Dari beragam pengaturan itu, ada dua hal yang penting untuk diperhatikan yaitu mengenai pengakuan masyarakat adat serta pemetaan wilayah adat.

Pengukuhan keberadaan masyarakat kasepuhan sebagai masyarakat adat dalam raperda ini adalah atas pertimbangan sebagai perwujudan dari amanat

88

konstitusional yang harus dilaksanakan demi penghormatan atas hak-hak masyarakat kasepuhan.

B. Saran

1. Pemerintah pusat perlu dapat membuat keputusan yang dapat di ikuti oleh seluruh instansi pemerintah atau dari kementerian kehutanan tidak mempermasalahkan bentuk dari peraturan yang diberikan oleh masyarakat adat dalam melakukan klaim wilayahnya.
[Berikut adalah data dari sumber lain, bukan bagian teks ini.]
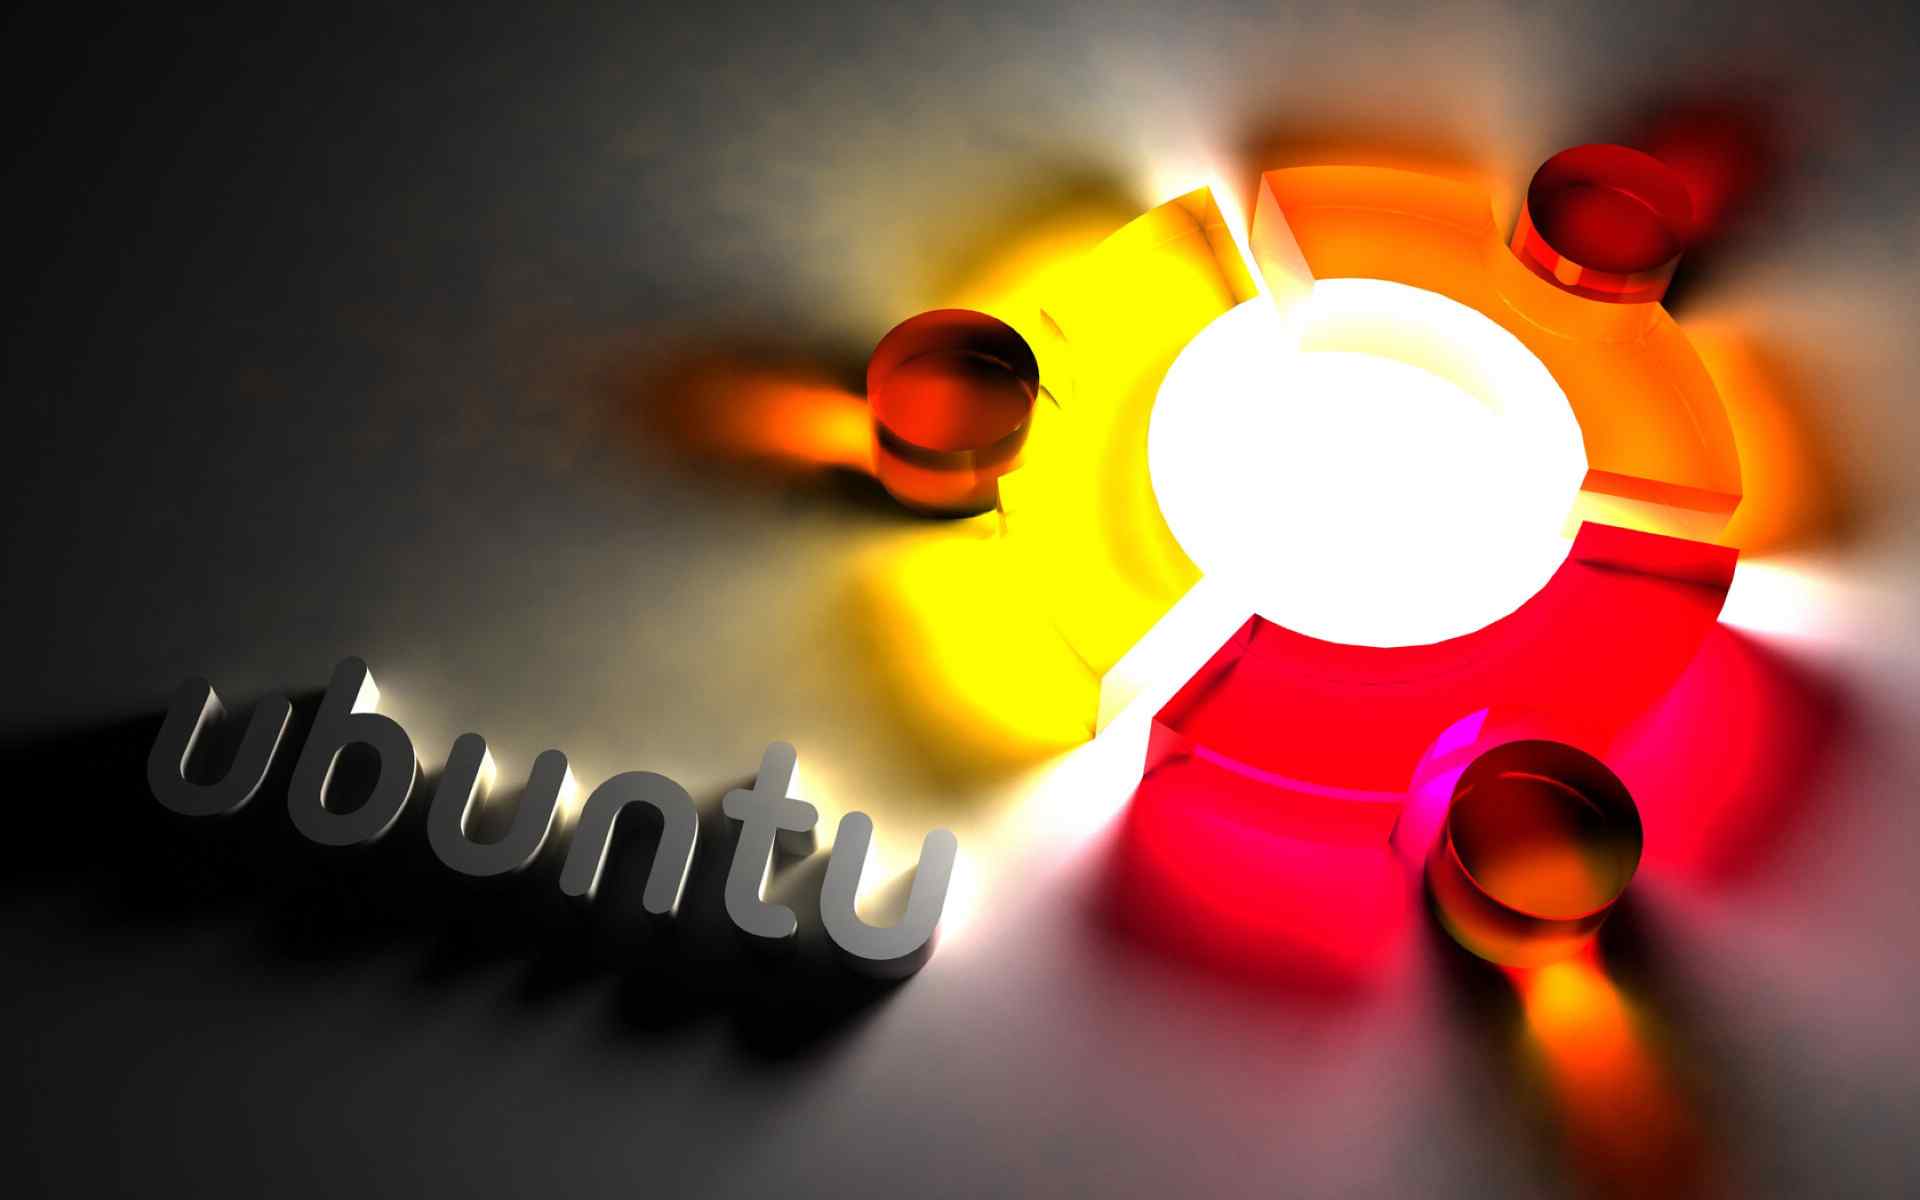 Linuxu buntu操作系统高清电脑桌面壁纸下载(一)

2. Prosedur penetapan masyarakat hukum adat sebagai subjek hak, baik itu dalam bentuk desa adat maupun masyarakat hukum adat melalui Peraturan Daerah dan atau Surat Keputusan Kepala Daerah menggunakan mekanisme yang beragam. Oleh karena itu, penetapan masyarakat hukum adat oleh Perda dan atau Surat Keputusan Kepala Daerah dalam pelbagai peraturan perundang-undangan yang ada tidak lagi menjadi prasyarat untuk penetapan hak masyarakat hukum adat dalam konteks hak komunal, sehingga Penetapan hak komunal sekaligus penetapan masyarakat hukum adat sebagai subjek haknya secara bersamaan.

3. Pemerintah daerah perlu didorong untuk:

a. Berinisiatif melakukan penyusunan peraturan daerah yang mengakui keberadaan hak penguasaan bersama atas tanah adat, dengan memperhatikan karakteristik masyarakat hukum adat setempat untuk menentukan perbedaan tingkat pengakuan penguasaan bersama atas tanah adat tersebut.

b. Mewujudkan pemetaan dan pendaftaran tanah sistematis secara berkala, dengan melakukan kerjasama operasional dan pendanaan pendaftaran tanah.

c. Melakukan penguatan keberadaan kelompok masyarakat hukum adat, dengan melestarikan nilai-nilai adat di dalam kehidupan masyarakat melalui berbagai upaya kelembagaan dan pelembagaan, bersamaan dengan upaya menerbitkan pengakuan hukum bagi masyarakat hukum adat.